Quando o prefeito Wladimir Garotinho anunciou, segunda (28), a entrega do Parque Alberto Sampaio à Associação Evangélica de Campos (AEC) (confira aqui), e que ali passaria a se chamar “Praça da Bíblia”, logo foi lembrado, pela classe artística e cultural da cidade, que o anfiteatro abrigado ali já tem nome — por força de lei —, homenageando seu criador, “um profeta da arte e cultura de Campos, como diretor teatral, poeta, carnavalesco e turismólogo”, chamado Kapi, morto em 2015.
Conta-se que a expressão a emenda saiu pior do que o soneto nasceu quando o poeta português Manuel de Bocage recebeu um soneto para que marcasse com uma cruz cada erro que encontrasse. Havia tantos, porém, que ele o devolveu tal qual o recebeu. O que já estava ruim ficaria ainda pior, caso remendado. Estivesse vivo, não seria de se estranhar caso Kapi se apropriasse da expressão de seu colega português para repelir a nova proposta do prefeito após as manifestações de hoje (veja algumas no blog Opiniões, de Aluysio Abreu Barbosa).
“Vamos manter o nome de Kapi no anfiteatro que ele inaugurou e batiza. E manter a parceria com a AEC(...). No espaço entre o anfiteatro Kapi e onde o Camelódromo funciona provisoriamente, passará a se chamar Praça da Bíblia”. Assim o prefeito emendou o soneto.
Já o ator Alexandre Ferram — talvez dirigido por Kapi de outros palcos — falou "por ele" hoje, em rede social: “Não sei o que é pior. Um palco com nome de Kapi sendo ocupado pra realização de cultos evangélicos é no mínimo desonrar a memória do artista que ele foi. Nesse caso é melhor tirar o nome dele disso, já que a administração pública, pelo visto, mantém sua decisão sem nenhuma consulta e discussão prévia com a comunidade”.
A arquiteta campista Carla Aparecida, mestranda do Programa de Pós-Graduação em Arquitetura e Urbanismo do Instituto Federal Fluminense (IFF), diz que “um espaço público só é de fato eficaz e seguro se nele coexistirem diversos usos, e pra isso, tal espaço precisa ser atrativo a população”. Sobre o Alberto Sampaio, salienta que as “intervenções” no parque fizeram com que ele perdesse essas características. “A construção da Ponte Leonel Brizola; a área destinada ao estacionamento privativo; o gradeamento; e a locação do Shopping Popular, o isolaram da malha urbana, não sendo acessível e muito menos seguro”.

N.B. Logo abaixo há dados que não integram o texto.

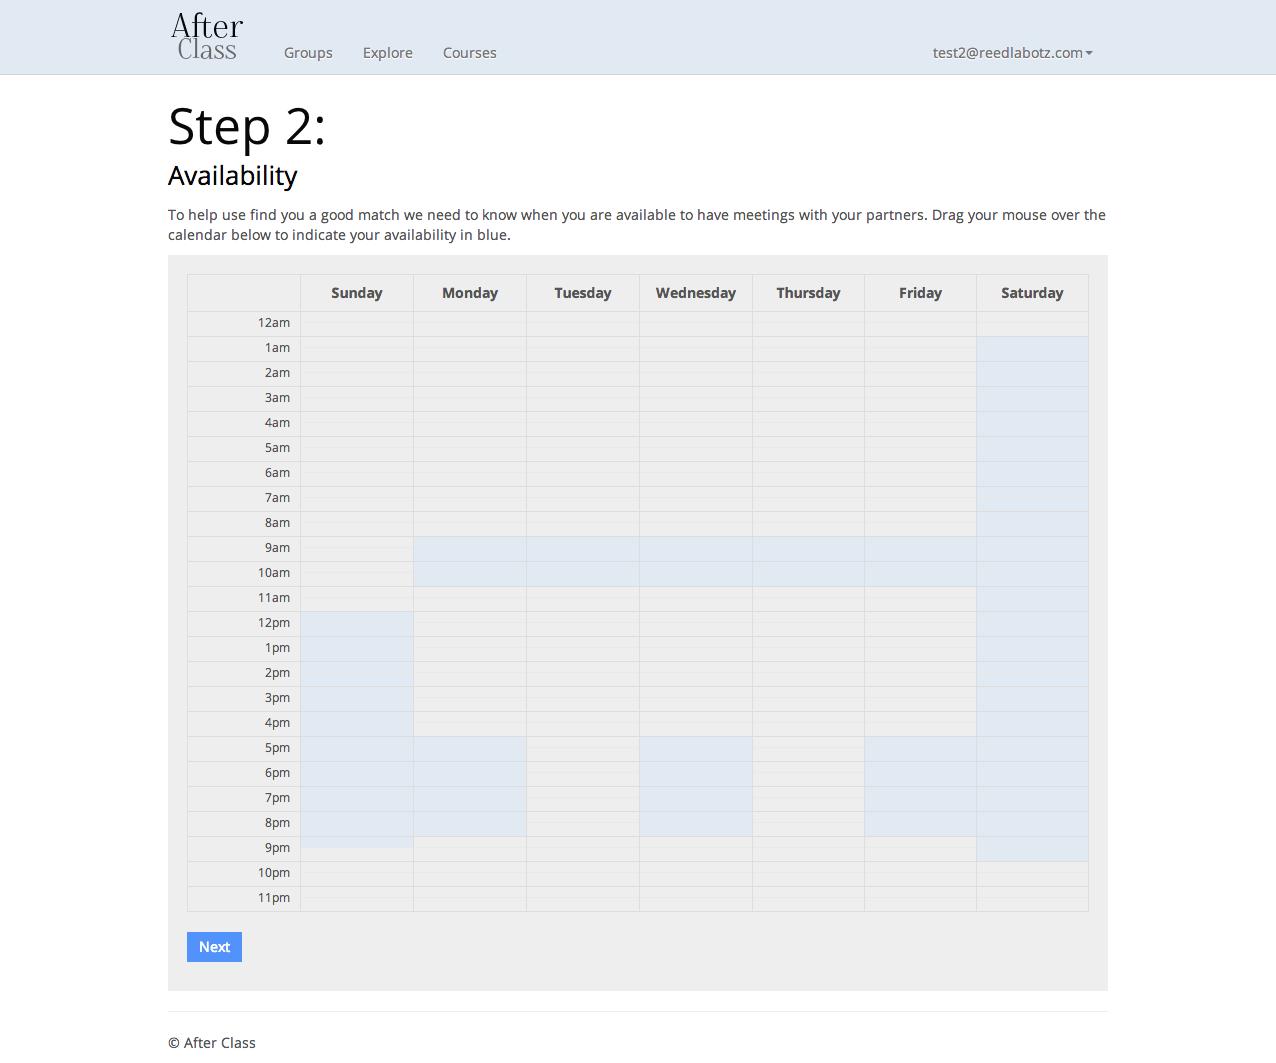 Availability screen

— O Parque Alberto Sampaio está há anos sendo sufocado pelo poder municipal para fins que contemplam apenas uma minoria. É vital que a cidade seja democrática e justa, com a população sendo incluída na construção desta. Em São Paulo, coletivos como “A cidade precisa de você”, já se organizam em redes colaborativas da sociedade civil em conjunto com o poder público para transformar, ativar e melhorar seus espaços públicos. Conceder a conservação do Parque Alberto Sampaio a um único ‘fazedor cultural’ é apenas mais uma intervenção que nos afasta de uma construção coletiva do espaço — finaliza a arquiteta.

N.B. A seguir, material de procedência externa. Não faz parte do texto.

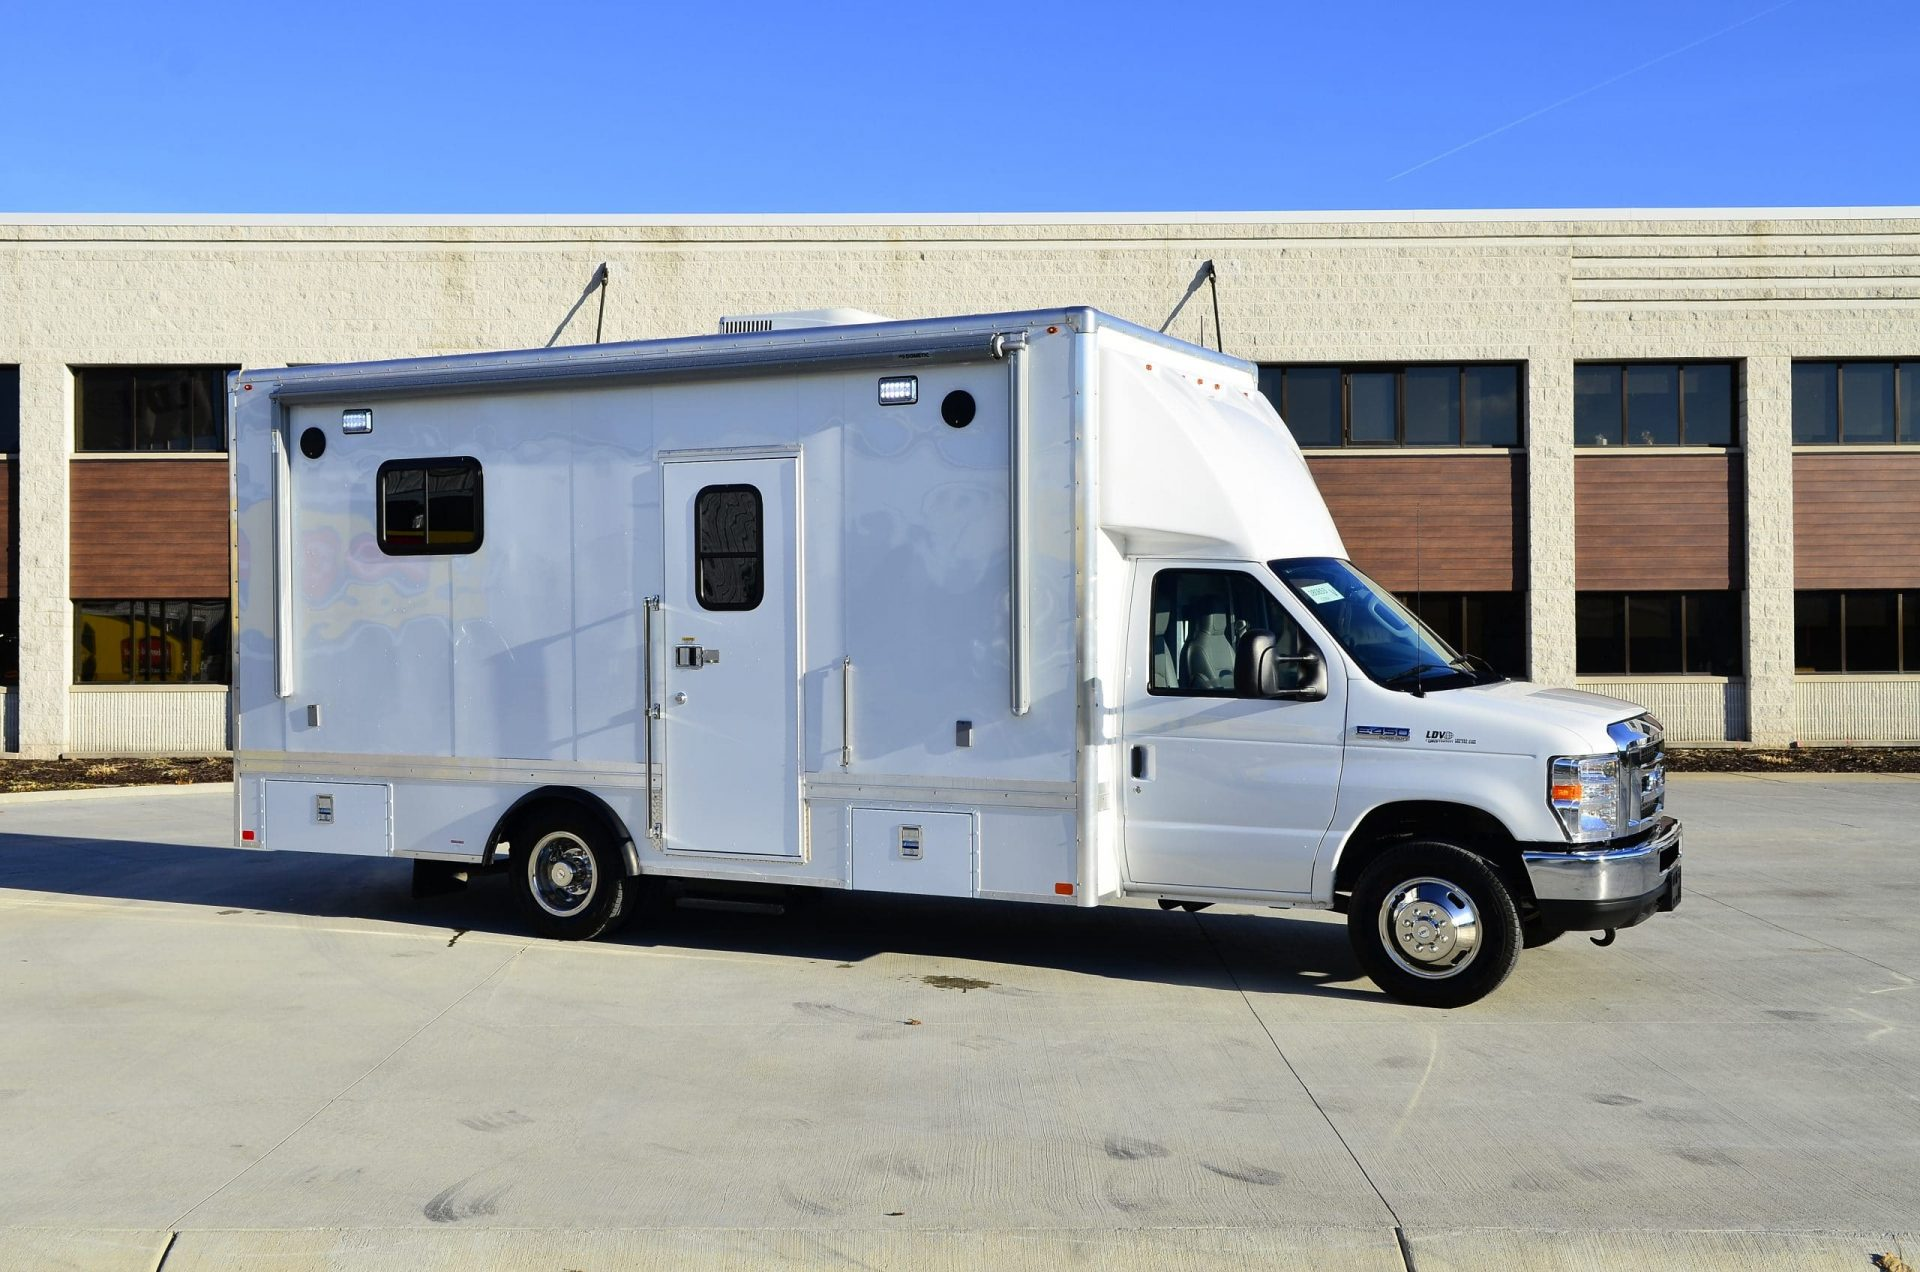 LDV bookmobile Tulsa City County

Com a palavra, o Comcultua
Para tentar emendar a emenda de um soneto que Kapi parece ainda escrever em Campos, o Conselho Municipal de Cultura (Comcultura) de Campos convocou reunião extraordinária para às 16h desta sexta (02), onde a nova proposta de Wladimir será apresentada oficialmente à classe artística e cultural do município. Em um Estado ainda laico e em uma Campos ainda com grande relevância cultural, anfiteatros e praças devem permanecer como espaços realmente públicos e plurais — abertos à qualquer manifestação, portanto. Que intervenções são necessárias para que sonetos sejam novamente recitados no local, não resta dúvida. O duvidoso — que quase passa a ser certeza se olharmos para o Mercado, ali ao lado — é se intervir passou a ser sinônimo de descaracterizar em Campos.